In any case, let me continue. There is the issue of Bill C-38, which the hon. members across say they do not want to vote on. Maybe I should remind members of something that appeared in today's Quorum , I believe, and definitely in a number of newspapers. It is an article written by columnist Don Martin, who gave some advice to the hon. members across about that issue. He said that for their own political good maybe what they should consider is getting the vote over with before they embarrass themselves even further, not only on that issue but on many others.
I say for the hon. members across that whether they agree or disagree with the content of the bill, this issue has been in the public domain for three years. Sixty-two witnesses have been listened to by the legislative committee. The bill has about four clauses. The members across have all spoken at second reading, every single one of them who wanted to, and every single one of them on the amendment as well, and on the subamendment and so on.
We have listened to what they had to say. It is not a matter of the House needing more pearls of wisdom in that regard. In any case, if I listen to what the opposition House leader says, it is not that they want more time. It is that they do not want to do that particular work at all because they do not like it.
I know that Madam Speaker is a teacher by training. Do people have a choice in doing their homework based on whether or not they like it? That is not the criteria.

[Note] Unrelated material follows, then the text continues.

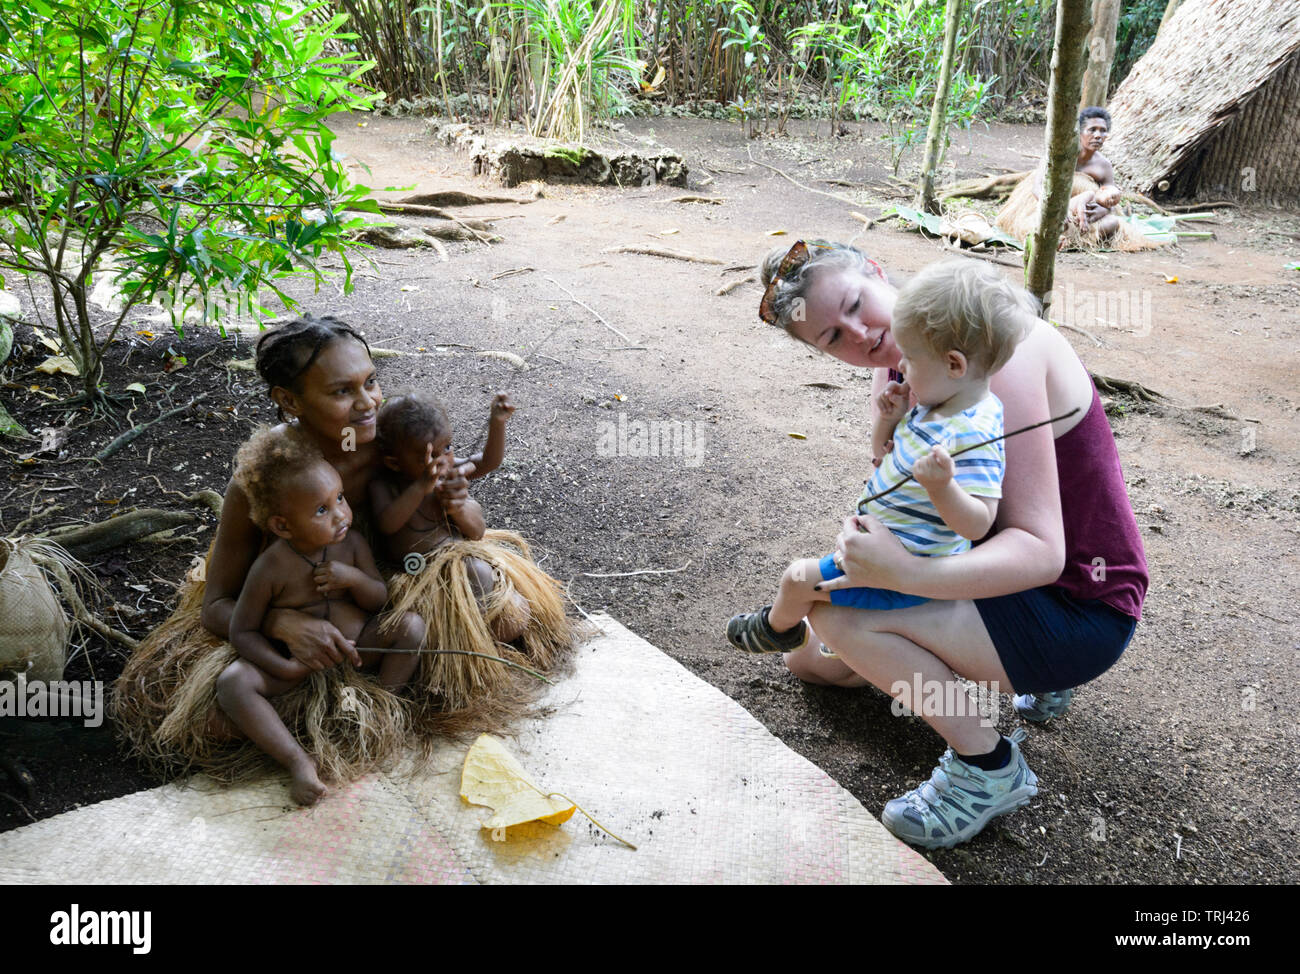 Blond kaukasischen Kleinkind sieht Melanesian tribal junge Kinder, Pepeyo Cultural Village, Port Vila, Efate Island, Vanuatu, Melanesien Stockfoto

Let us hear what the opposition House leader said today, June 23, after question period in the foyer of the House of Commons:
We've been consistent in saying right from the beginning that we are strongly opposed to these two bills.
That is all right. They can vote against them. He stated further:
There's not a Canadian left out there in the real world that doesn't understand that.
Of course: they have all spoken two or three times each so every one of us understands what their position is. It does not need to be clarified much further.
I will continue to quote the opposition House leader:
We have no intention and it's not our role, frankly, to make things easy for the government to pass bills that we're opposed to.
There we are. They do not like Bill C-38. They do not like Bill C-48. They do not like the fact that we are going to give more money to social housing. They do not like more money going to the Canadian International Development Agency to help the world's poor.
What is their solution? Is it to vote against that which they do not like? No, it is to not want to do the work. Not wanting to work is the way in which they solve their problems.
Now, not wanting to work just does not cut it with Canadians. Their constituents and mine will not put up with that. They sent us here to do the work.
Let us do the work. The hon. members say they want to go home. Of course they do. Their House leader said that on their behalf and their House leader always says it the way it is, or generally. In any case, if their House leader says they want to go home, I am not opposed to that.
We are going to vote on this motion tonight. We have from now until midnight. Let us vote on the two bills and go home. Canadians will say, “You did your work, Mr. or Ms. MP”. We will all have done our work and we can go home to do all the things that the opposition House leader said we should be doing.
I agree with him that we should be going home, but we should do our work first because when we do not do our work we have to stay in class at recess or after hours to get the work done. We are supposed to do the work before we go away. Those are the rules.
I say this in the presence of a teacher, namely our Acting Speaker, because I know she used to teach for a living and she will know these things in the truly objective manner in which I am sure she sees these matters.
I ask all my colleagues to join together and vote for this motion. After the motion, let us join together again and vote for the bills. Let us get the work done and then we can go home, in that order. That is the way it should be done.